Heflin's pro career extended from 1939 to 1952, although he missed the 1943–44 seasons while serving in the United States Navy during World War II. He returned to baseball during the final year of the war, winning three of five decisions for the top-level Louisville Colonels before the Red Sox recalled him. Working in 20 games, Heflin made 14 starting assignments for the BoSox and registered six complete games. He threw two complete-game shutouts: a four-hitter August 10 against the eventual world champion Detroit Tigers and a six-hitter September 20 against the last-place Philadelphia Athletics. But Heflin compiled only a 4–10 won-lost record.

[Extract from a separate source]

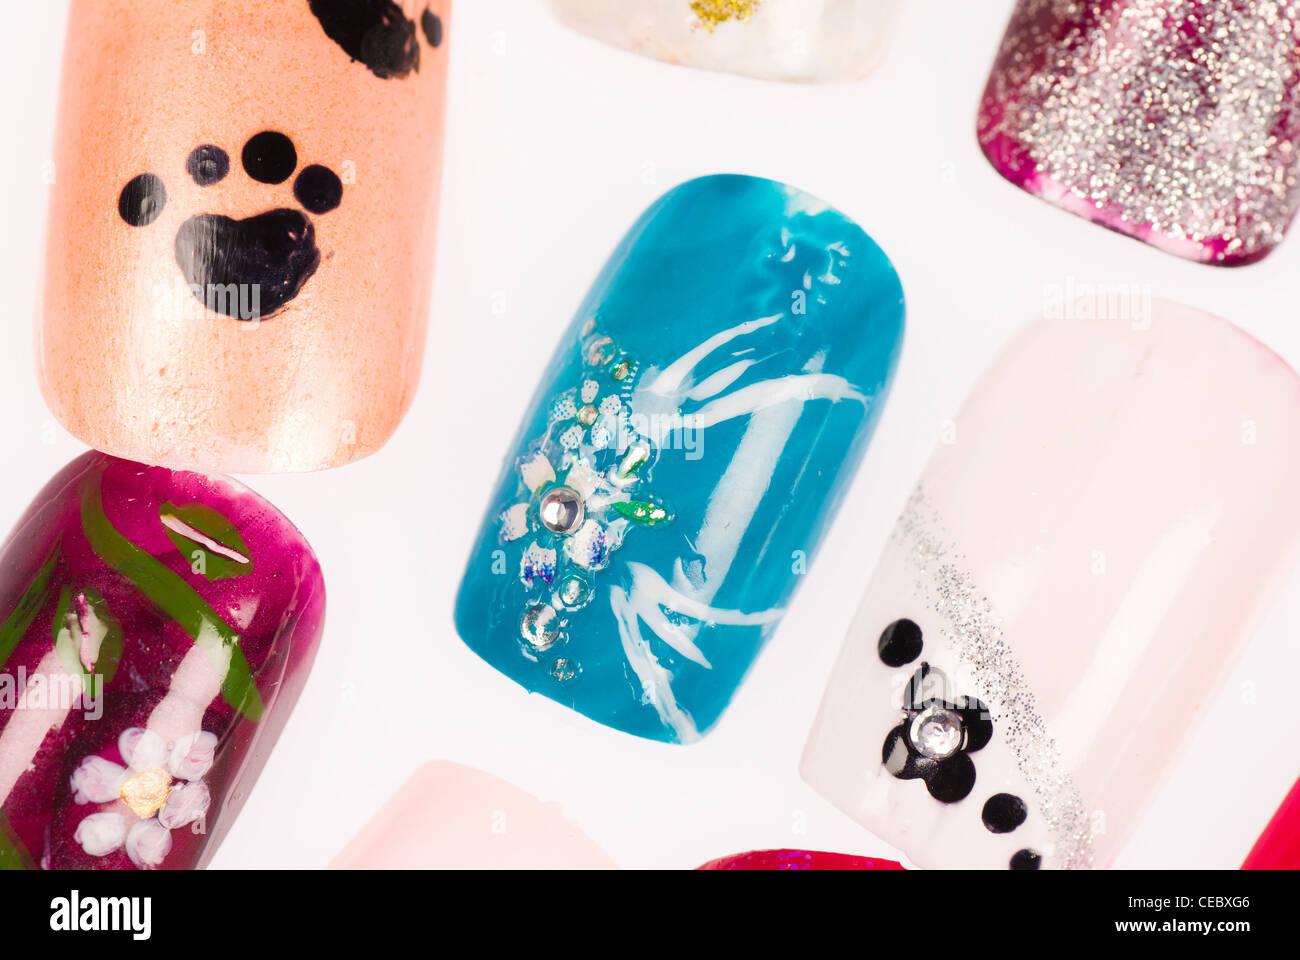 Wunderbar Diamant Verzierte Nägel Galerie - Nagellack-Design-Ideen ...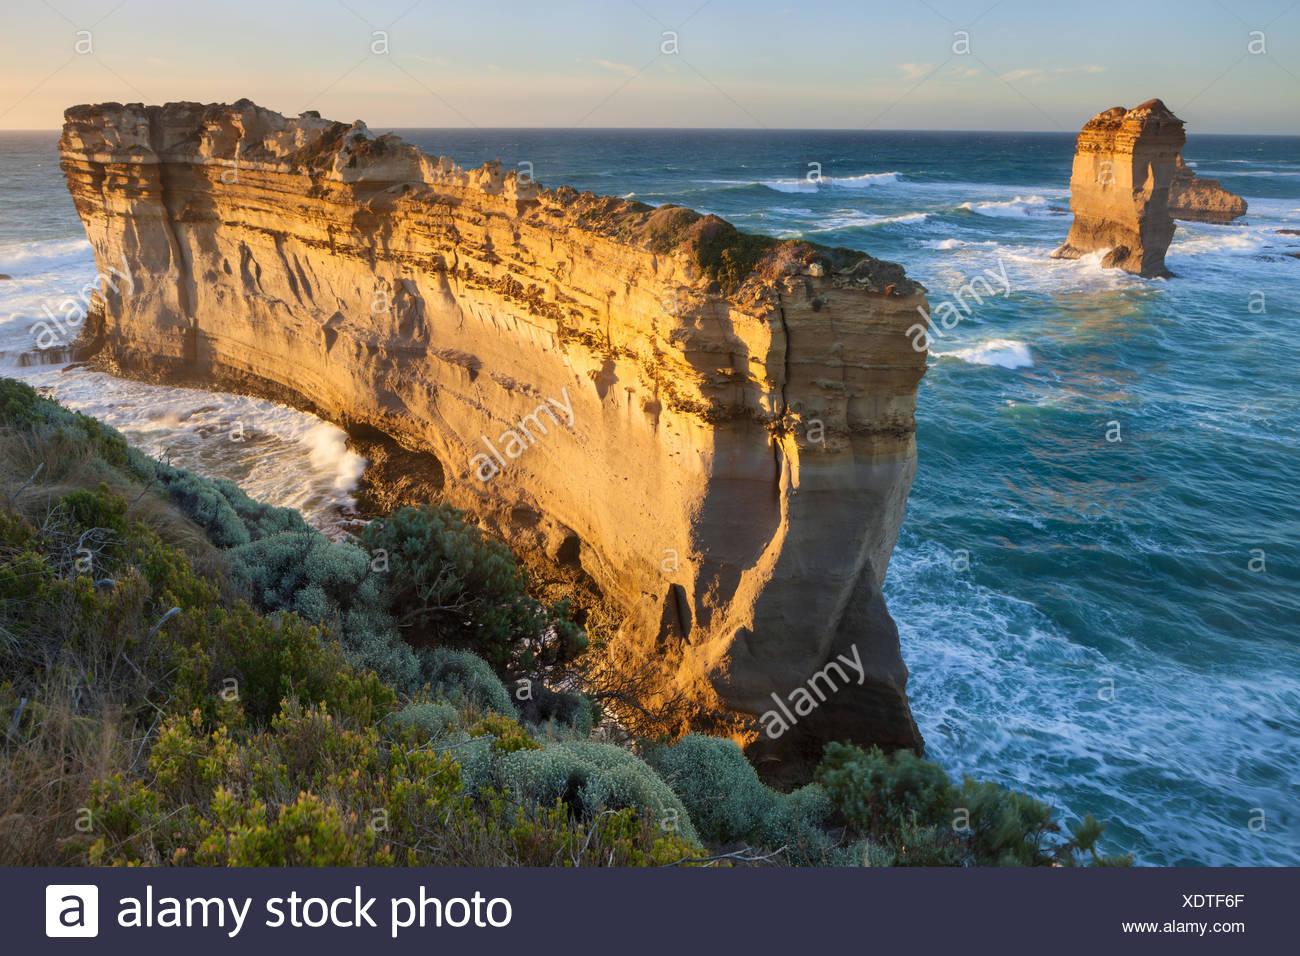 Razorback, l'Australie, Victoria, port Campbell, parc national, mer, côte, rock, falaise, Photo Stock

In 1946, the first postwar year, Heflin appeared in five games for the Red Sox between April 21 and June 12, including one start, and lost his only decision. Sent back to the minor leagues, Heflin spent the rest of 1946 at Louisville and eventually became a player-manager in the lower levels of the minors in the Class D Coastal Plain and Class C Evangeline leagues.

In his two-season MLB career, Heflin posted a 4–11 record with 45 strikeouts and a 3.86 earned run average in 25 appearances, including 15 starts, six complete games, six games finished and 116 2/3 innings of work. He allowed 118 hits and 73 bases on balls.

Randy Heflin died in Fredericksburg at age 80.